# Homework Help: ∫[(2)/(x-3)(√(x+10))]dx U-Substitution → du/dx or dx/du, & why?

1. Oct 9, 2012

### LearninDaMath

∫[(2)/(x-3)(√(x+10))]dx U-Substitution → du/dx or dx/du, & why???

Okay, here I solve $\int\frac{2}{(x+3)\sqrt{x+10}}dx$ in two ways.

The problem I'm having however is during the U substitution.

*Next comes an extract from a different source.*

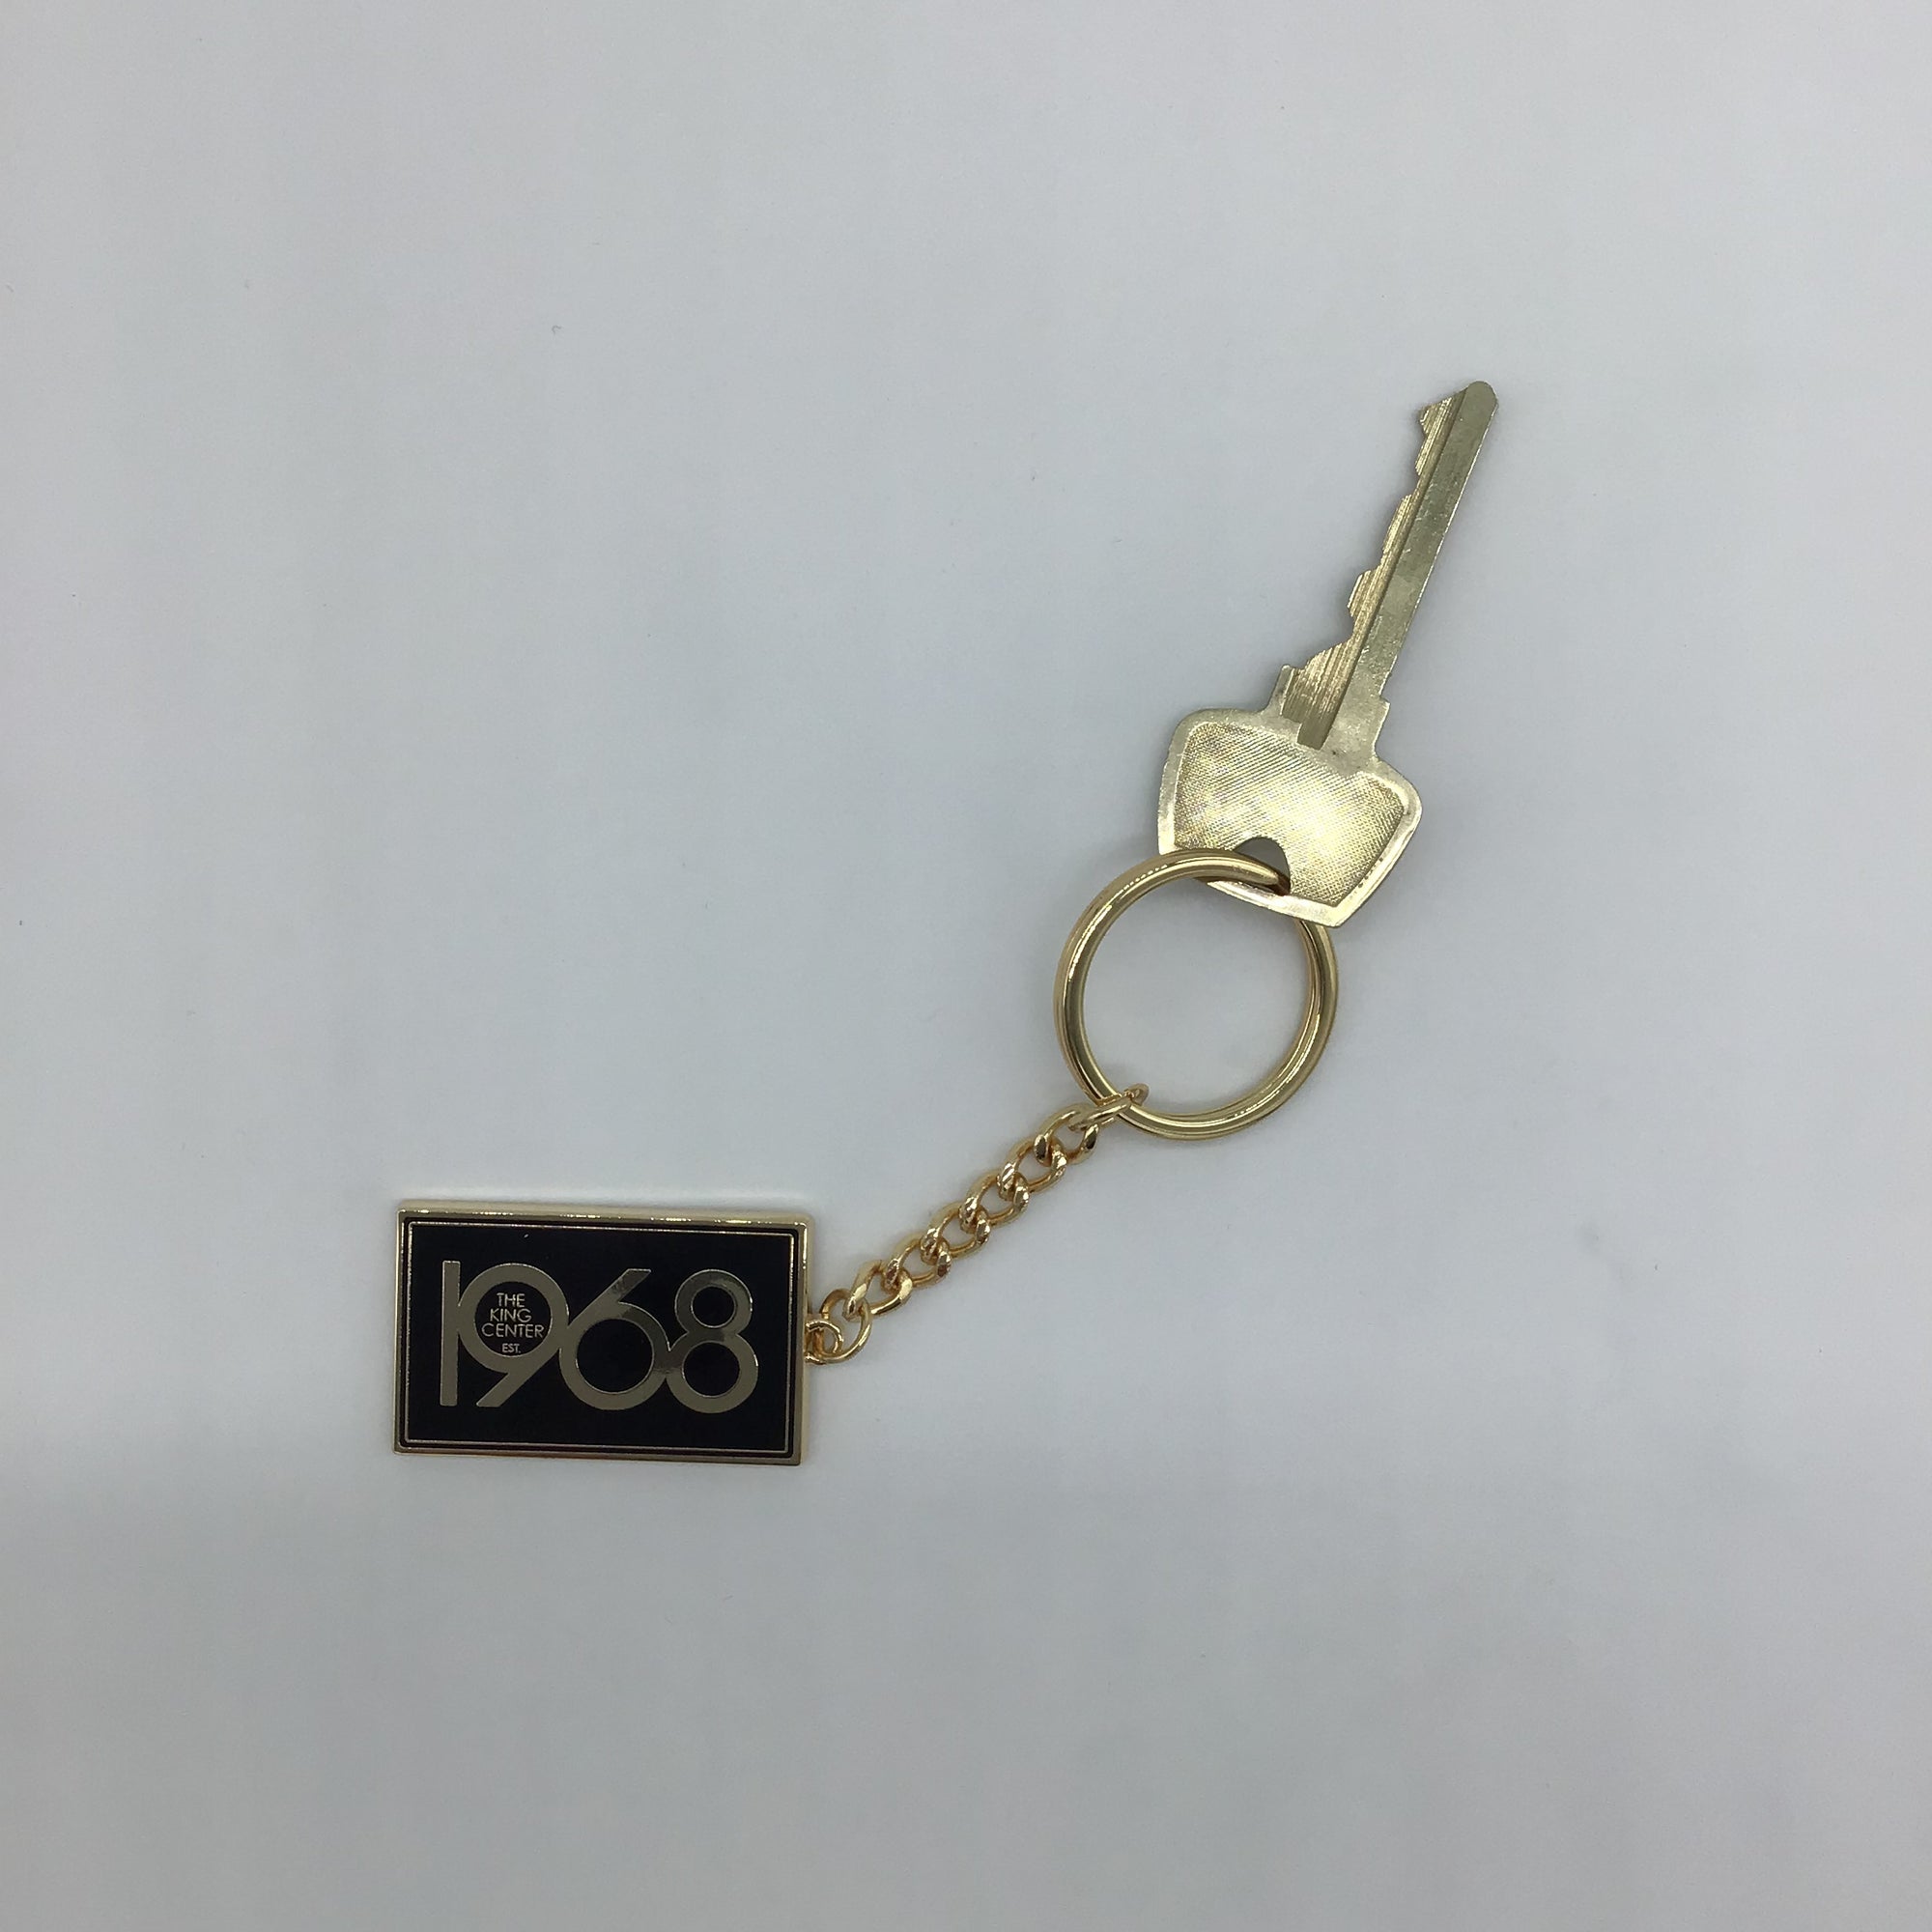 1968 Gold Keychain

The first method, I take $\frac{du}{dx}=$ (function in terms of x)

For the second method, I set substituted terms in terms of u and then take $\frac{dx}{du}=$function in terms of u)

So if I have indeed yielded the correct integral function using both methods, my question is is then based on my professor's suggestion that we use the second method for integrating various functions - particularly of this type with roots.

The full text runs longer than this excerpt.